◆ **Supplied data**
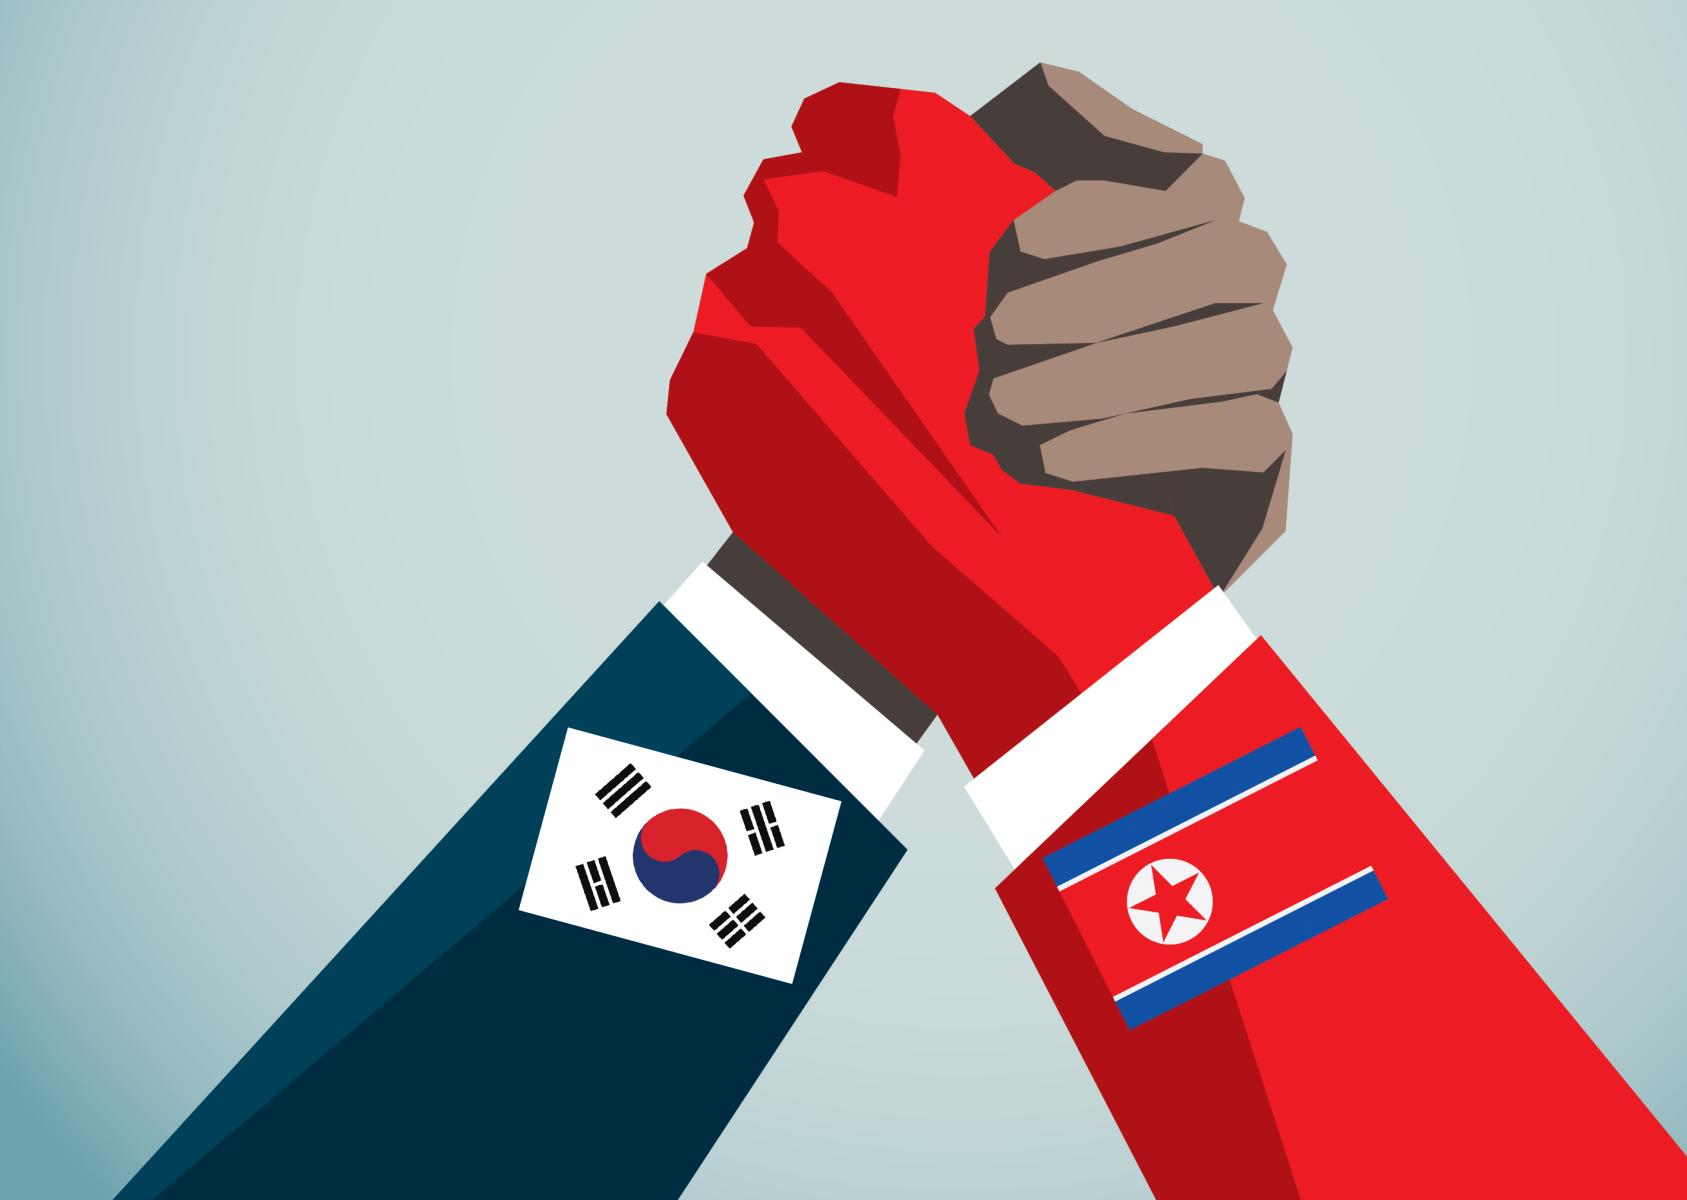 corea nord - corea sud
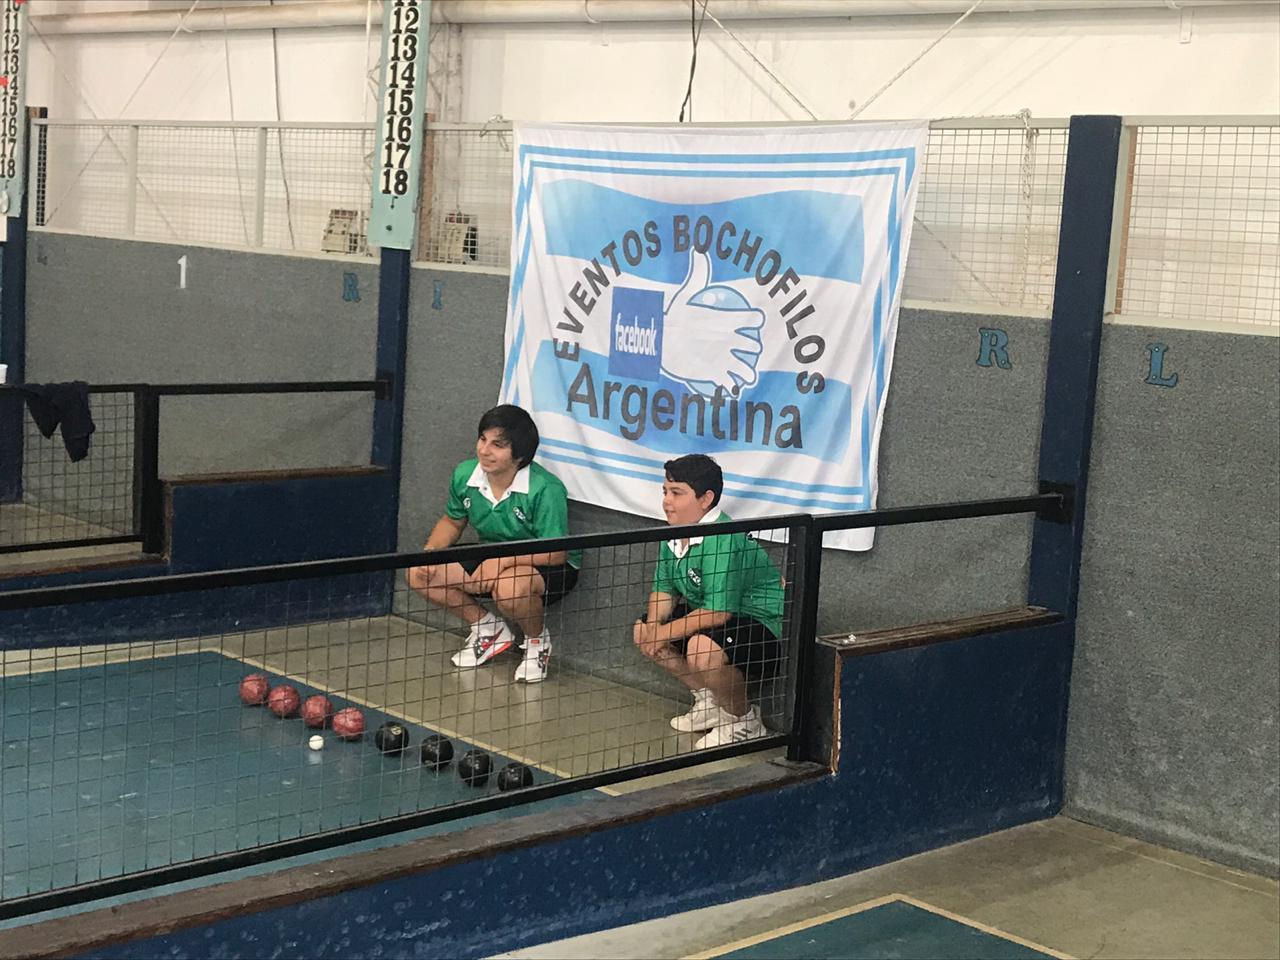 Dos chacabuquenses campeones en Córdoba
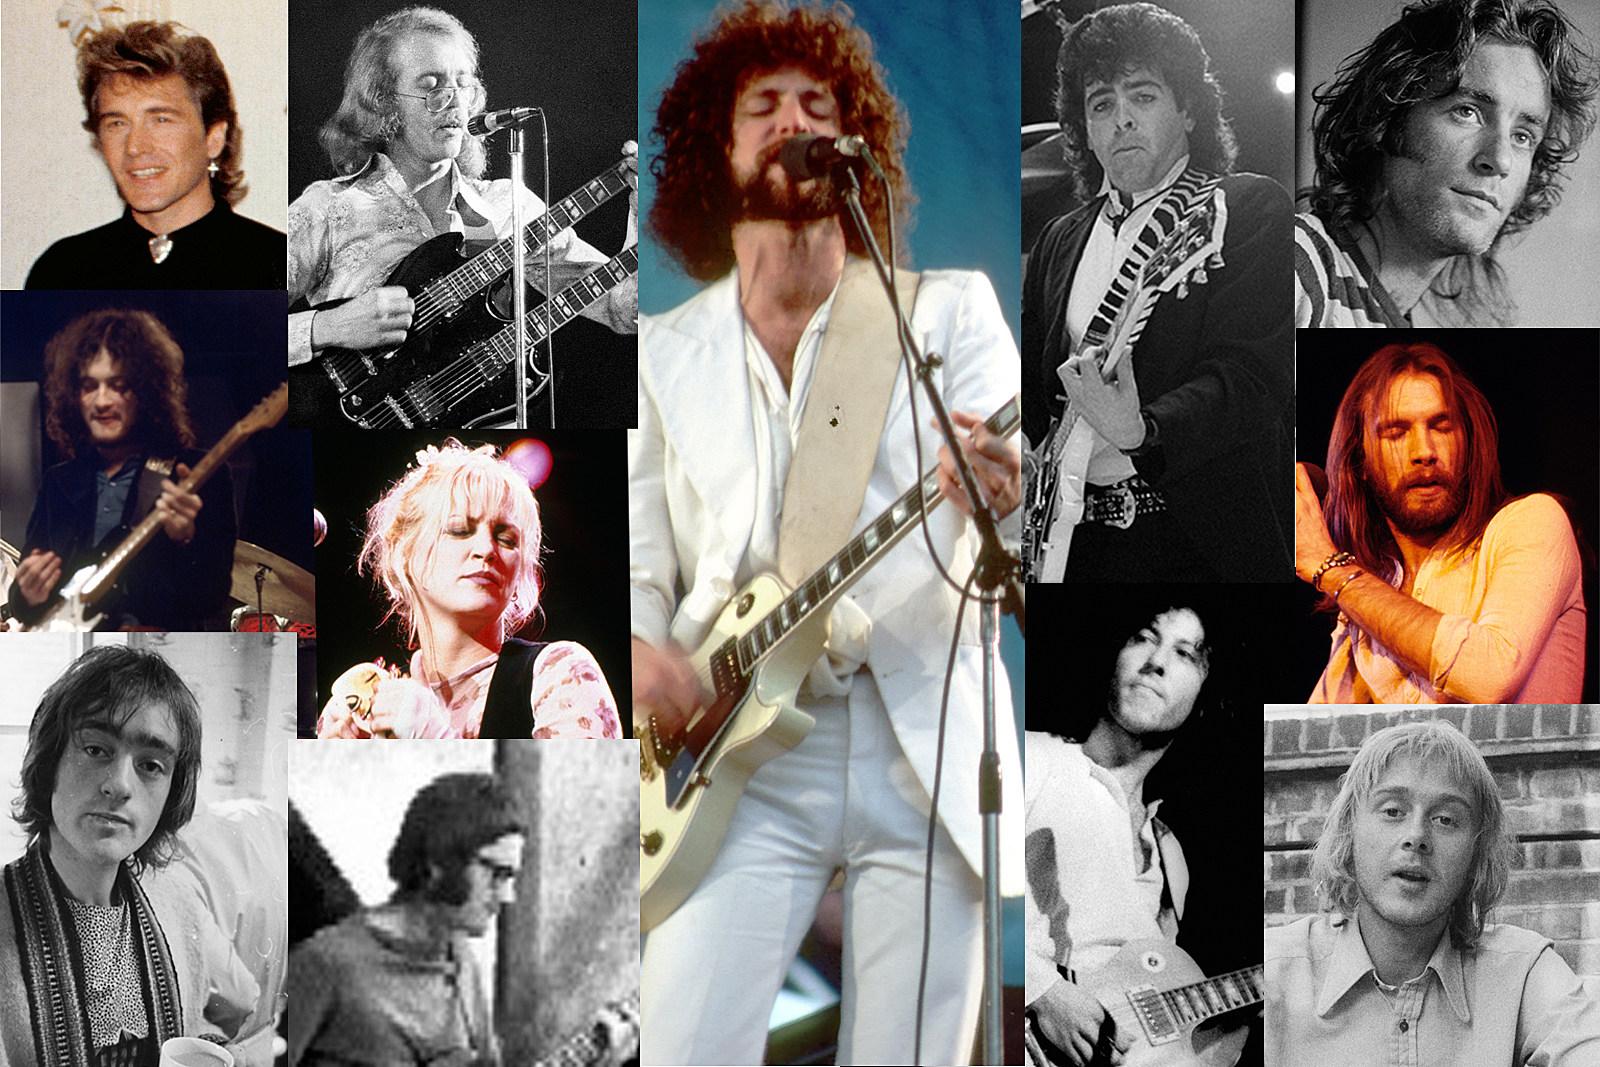 fleetwood mac band members pictures
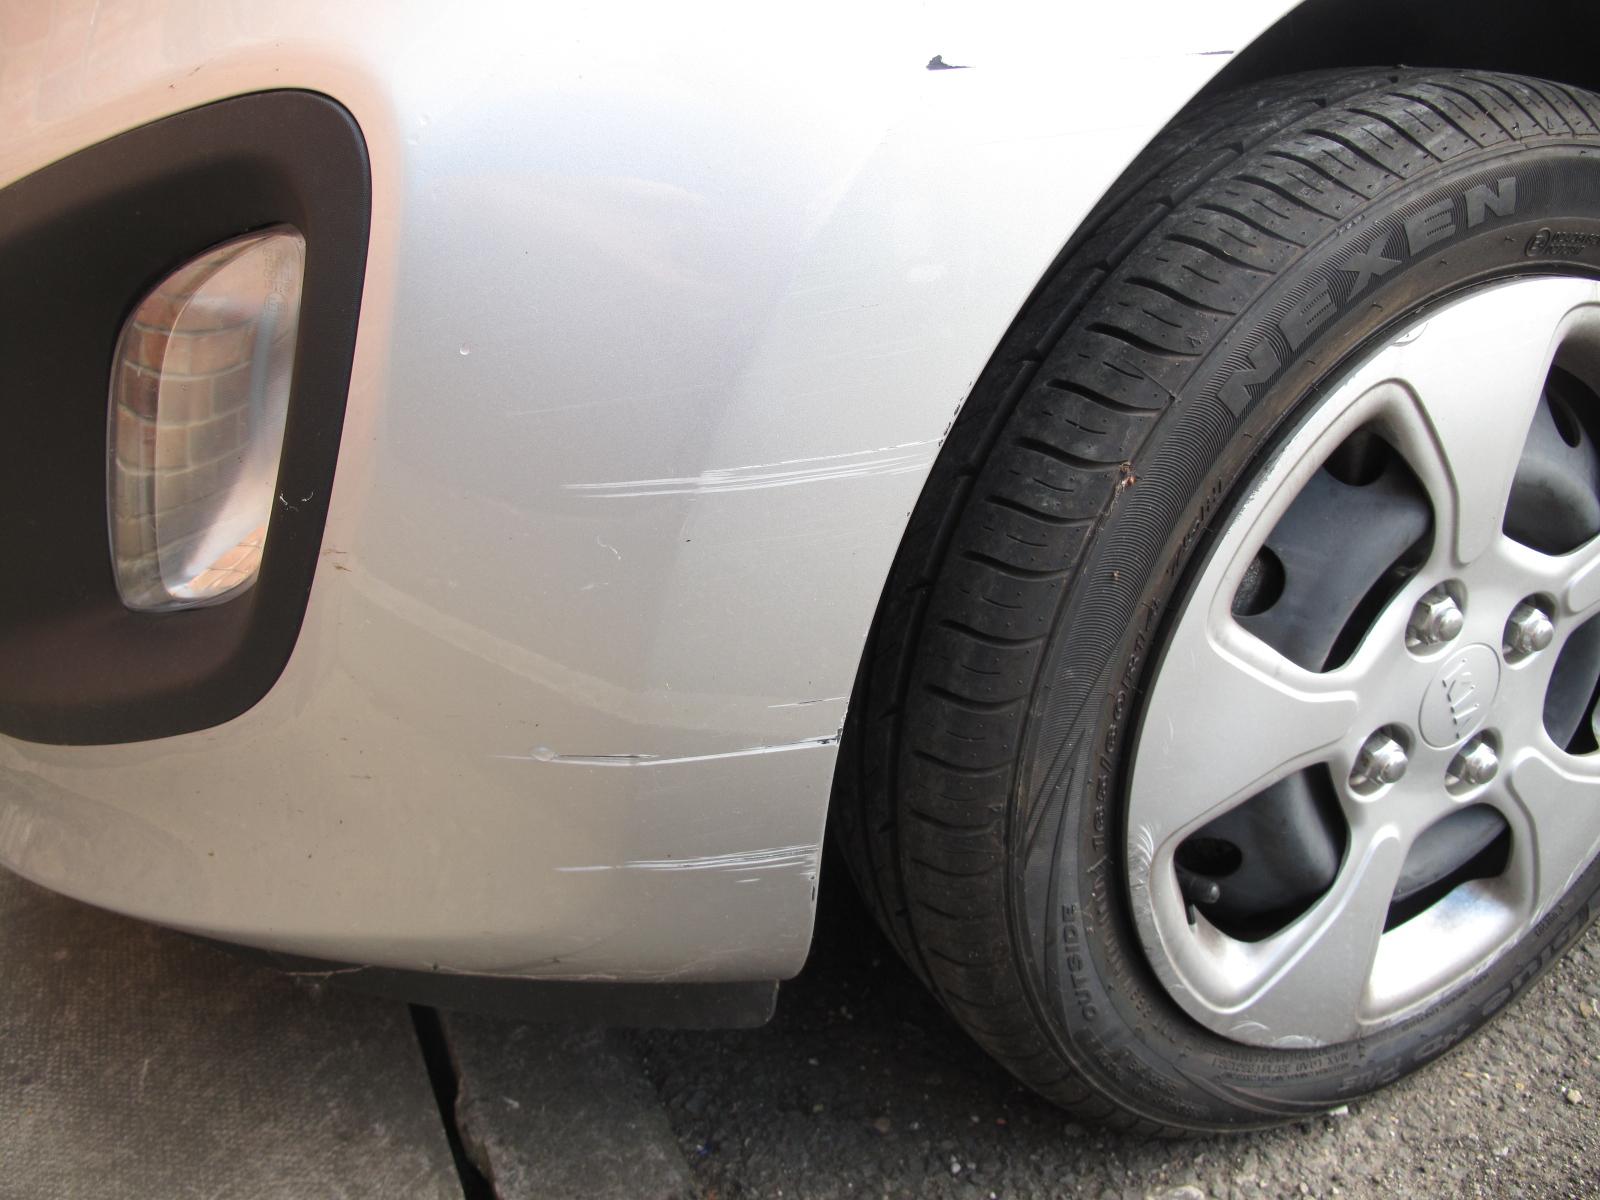 [YR12 YCN] 2012 Kia Picanto 1.0 petrol, 5-door hatchback in Silver, 13,787 Miles, 1 previous keeper, - Image 5 of 6

◆ **Description of the task**
Please copy the lines above exactly as written, apart from any pictures.

◆ **Answer space**
 corea nord - corea sud
 Dos chacabuquenses campeones en Córdoba
 fleetwood mac band members pictures
 [YR12 YCN] 2012 Kia Picanto 1.0 petrol, 5-door hatchback in Silver, 13,787 Miles, 1 previous keeper, - Image 5 of 6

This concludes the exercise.